Trump ameaça voltar a atacar Irã se acordo não for respeitado

Donald Trump, presidente dos Estados UnidosReprodução/Casa Branca

O presidente dos Estados Unidos, Donald Trump, afirmou nesta quarta-feira (17) que seu governo poderá voltar a realizar ataques contra o Irã caso o país não cumpra os termos do acordo que deve ser assinado na próxima sexta-feira (19), na Suíça. A declaração foi feita durante uma coletiva de imprensa realizada no âmbito da cúpula do Grupo dos Sete, grupo que reúne algumas das principais economias do mundo, em Evian, na França.

Segundo Trump, o entendimento representa uma oportunidade para encerrar o conflito que se arrasta há meses no Oriente Médio, mas os Estados Unidos manterão a pressão caso o governo iraniano deixe de cumprir os compromissos assumidos.

“Se eles não se comportarem, voltaremos imediatamente a agir”, afirmou o presidente norte-americano ao comentar as negociações em andamento.

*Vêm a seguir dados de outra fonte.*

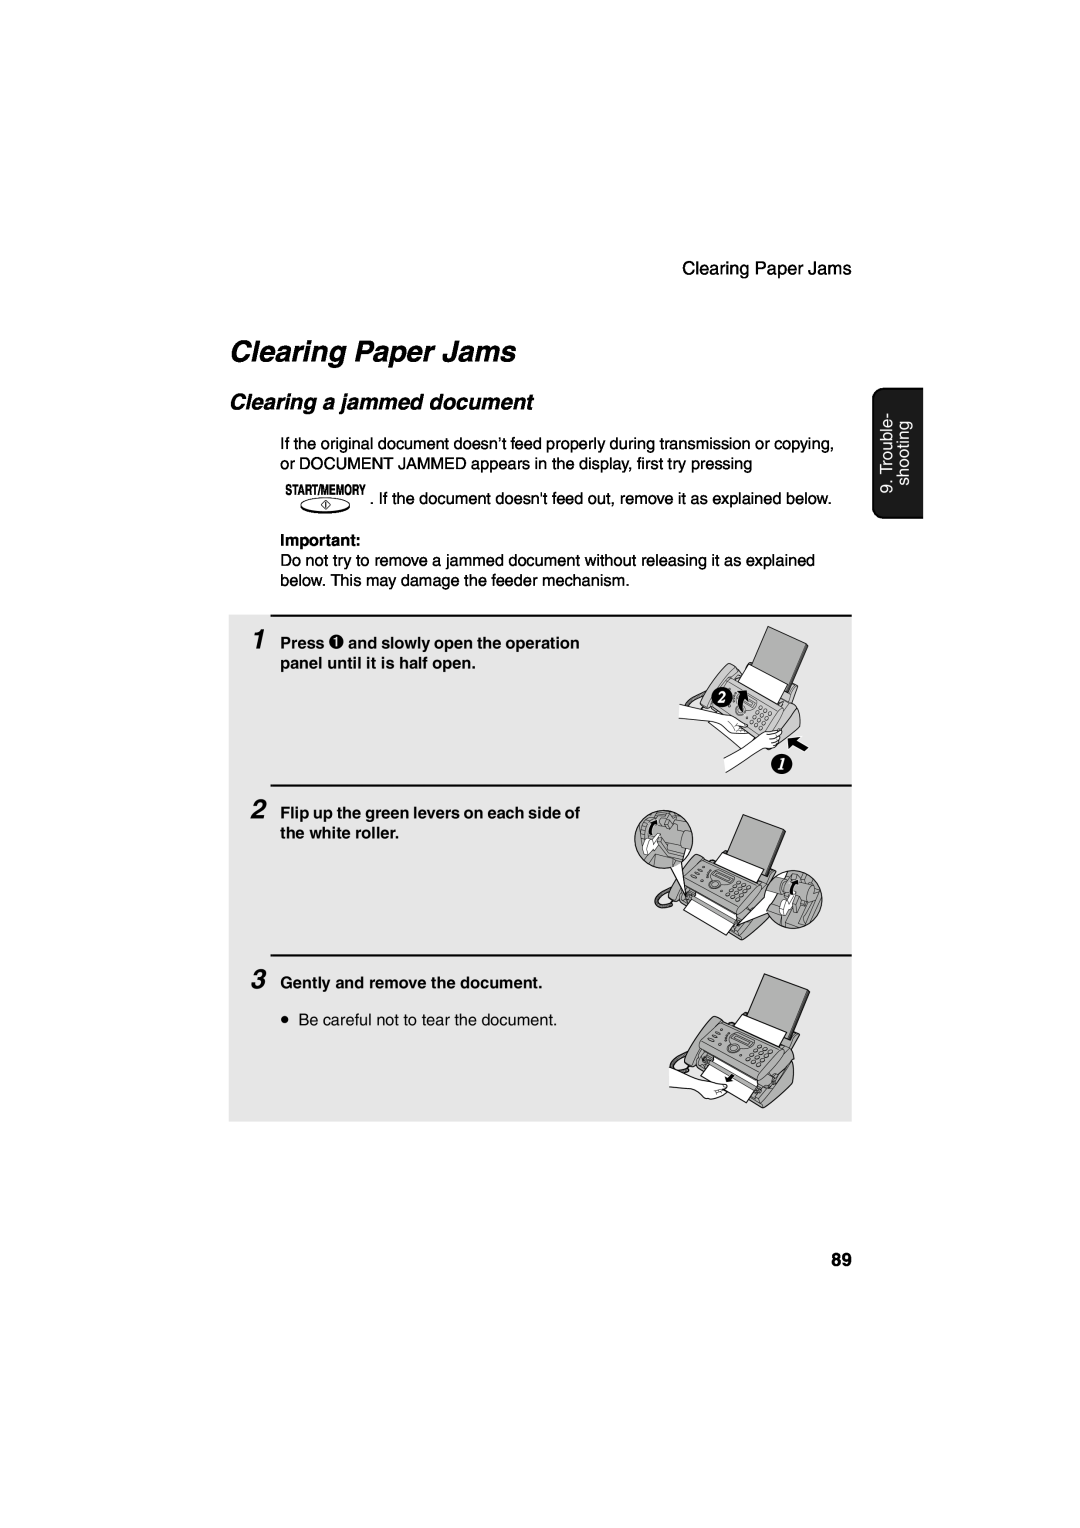 Sharp UX-A260 manual Clearing Paper Jams, Clearing a jammed document, Trouble- shooting

Trump também voltou a criticar a postura adotada pelo governo iraniano ao longo das últimas décadas e disse acreditar que o acordo poderá inaugurar uma nova fase de estabilidade na região, desde que os termos sejam respeitados por ambas as partes.

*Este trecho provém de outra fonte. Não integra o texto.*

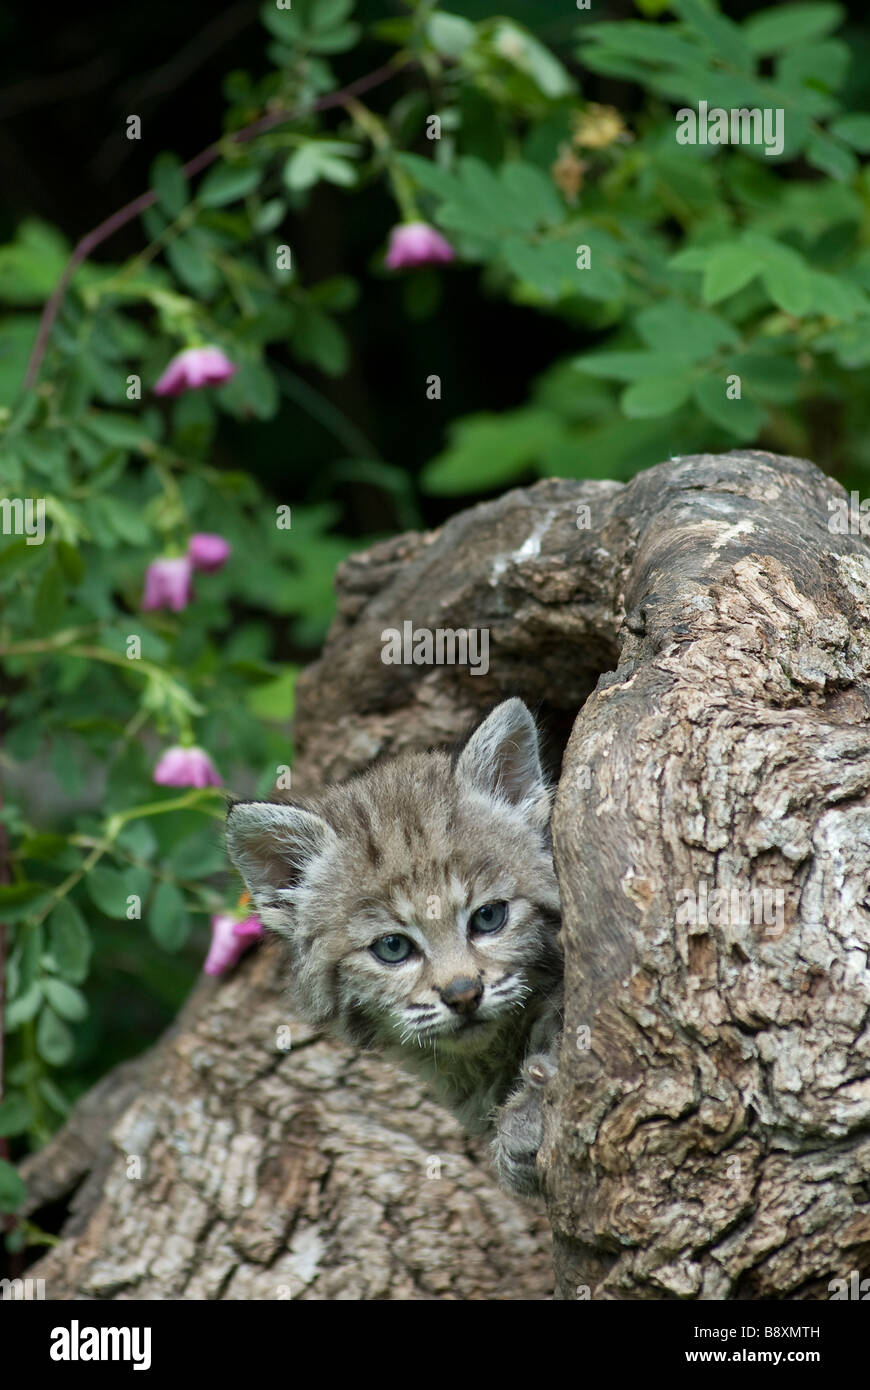 Bobcat kitten in log Felis rufus controlled conditions Stock Photo

A declaração ocorre às vésperas da assinatura de um acordo preliminar entre Washington e Teerã, apontado por líderes internacionais como um passo importante para o fim das hostilidades e para a retomada das negociações diplomáticas.

Guerra contra o Irã e bloqueio no Estreito de Ormuz

A guerra entre Estados Unidos, Israel e Irã teve início no fim de fevereiro deste ano, após uma escalada das tensões na região. Nas primeiras semanas do conflito, uma série de ataques aéreos atingiu instalações militares e centros de comando iranianos.

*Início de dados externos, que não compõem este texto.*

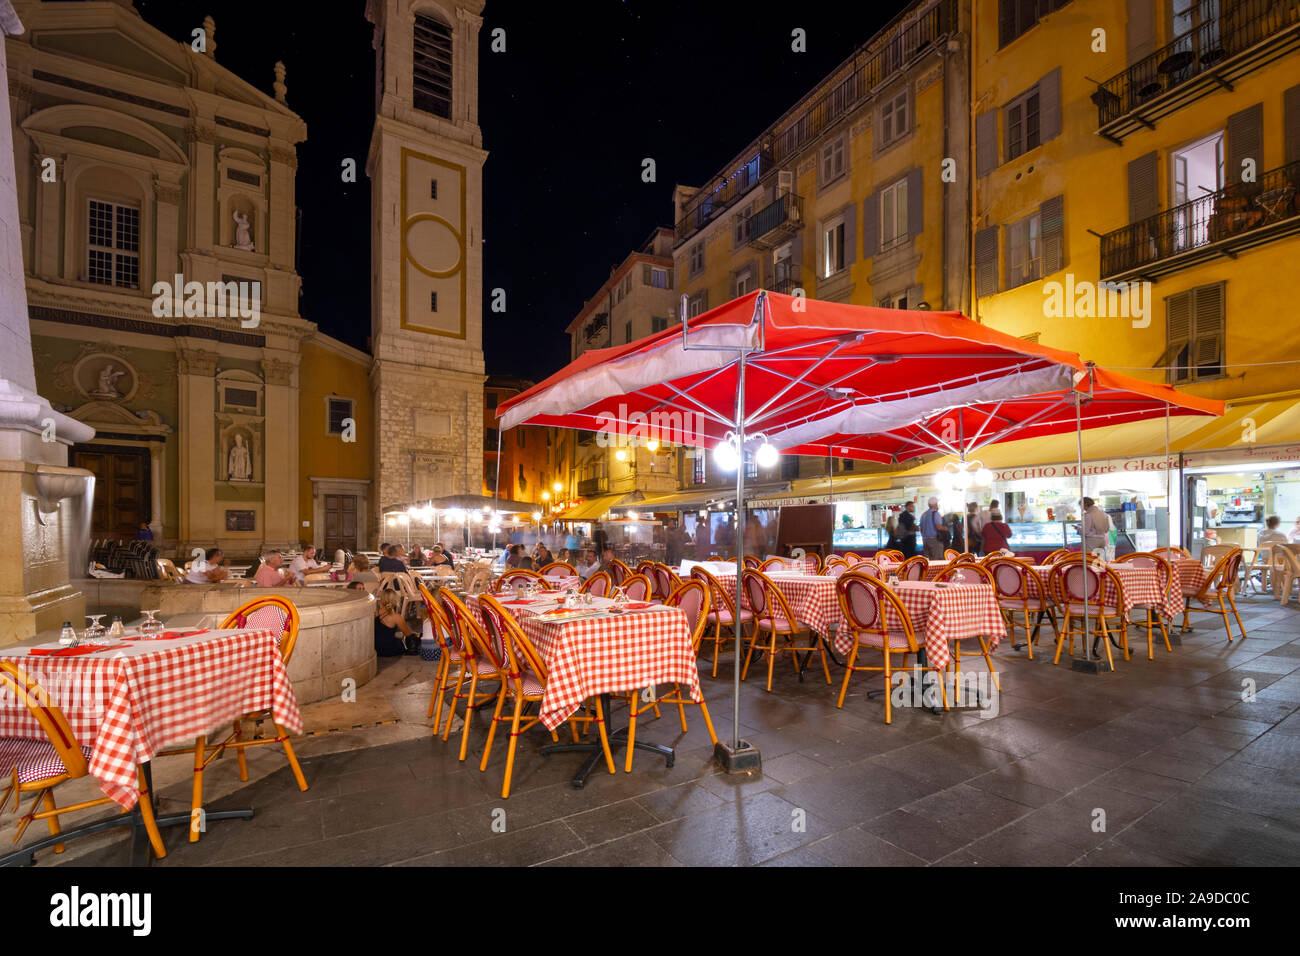 Tourists enjoy a late night at a sidewalk cafe and gelateria in the picturesque Place Rossetti square in Old Town Vieux Nice, France. Stock Photo

Entre as mortes anunciadas durante a ofensiva está a do líder supremo do país, Ali Khamenei, além de outros integrantes da cúpula política e militar iraniana, fato que marcou uma mudança significativa no equilíbrio de forças no Oriente Médio.

Pouco depois do agravamento dos confrontos, o governo iraniano anunciou o fechamento do Estreito de Ormuz, corredor estratégico por onde passa cerca de 20% do petróleo consumido no mundo e uma parcela importante do gás natural liquefeito comercializado internacionalmente. A medida foi apresentada por Teerã como uma resposta aos ataques sofridos.

Durante o período de bloqueio, que durou várias semanas, autoridades iranianas advertiram que embarcações ligadas aos Estados Unidos e a países aliados poderiam ser atacadas caso tentassem atravessar a região. A ameaça levou empresas de navegação a suspenderem rotas, enquanto diversos petroleiros permaneceram ancorados aguardando melhores condições de segurança.

O fechamento da passagem provocou forte repercussão internacional, elevando os preços do petróleo e aumentando o temor de uma crise no abastecimento global de energia. Apenas após o avanço das negociações diplomáticas entre Washington e Teerã o tráfego marítimo começou a ser restabelecido gradualmente, com a retomada da circulação de navios na segunda-feira (15).

Essa reabertura do Estreito de Ormuz é considerada um dos principais resultados do entendimento alcançado entre os dois países e antecede a assinatura do acordo preliminar de paz.

Acordo de paz será assinado na sexta-feira

O acordo que será assinado na sexta-feira, na Suíça, é tratado pelas autoridades como um primeiro passo para encerrar oficialmente a guerra. O documento funcionará como um memorando de entendimento e estabelecerá princípios que deverão nortear as negociações de um pacto definitivo entre os dois países.

Após a assinatura, representantes dos Estados Unidos e do Irã deverão iniciar uma nova rodada de conversas, com duração estimada de 60 dias. Entre os temas que serão discutidos estão o programa nuclear iraniano, mecanismos de monitoramento internacional e garantias de segurança para ambas as partes.

A expectativa da comunidade internacional é que o entendimento reduza as tensões no Oriente Médio e consolide o cessar-fogo alcançado nos últimos meses, evitando uma nova escalada militar em uma das regiões mais estratégicas do mundo.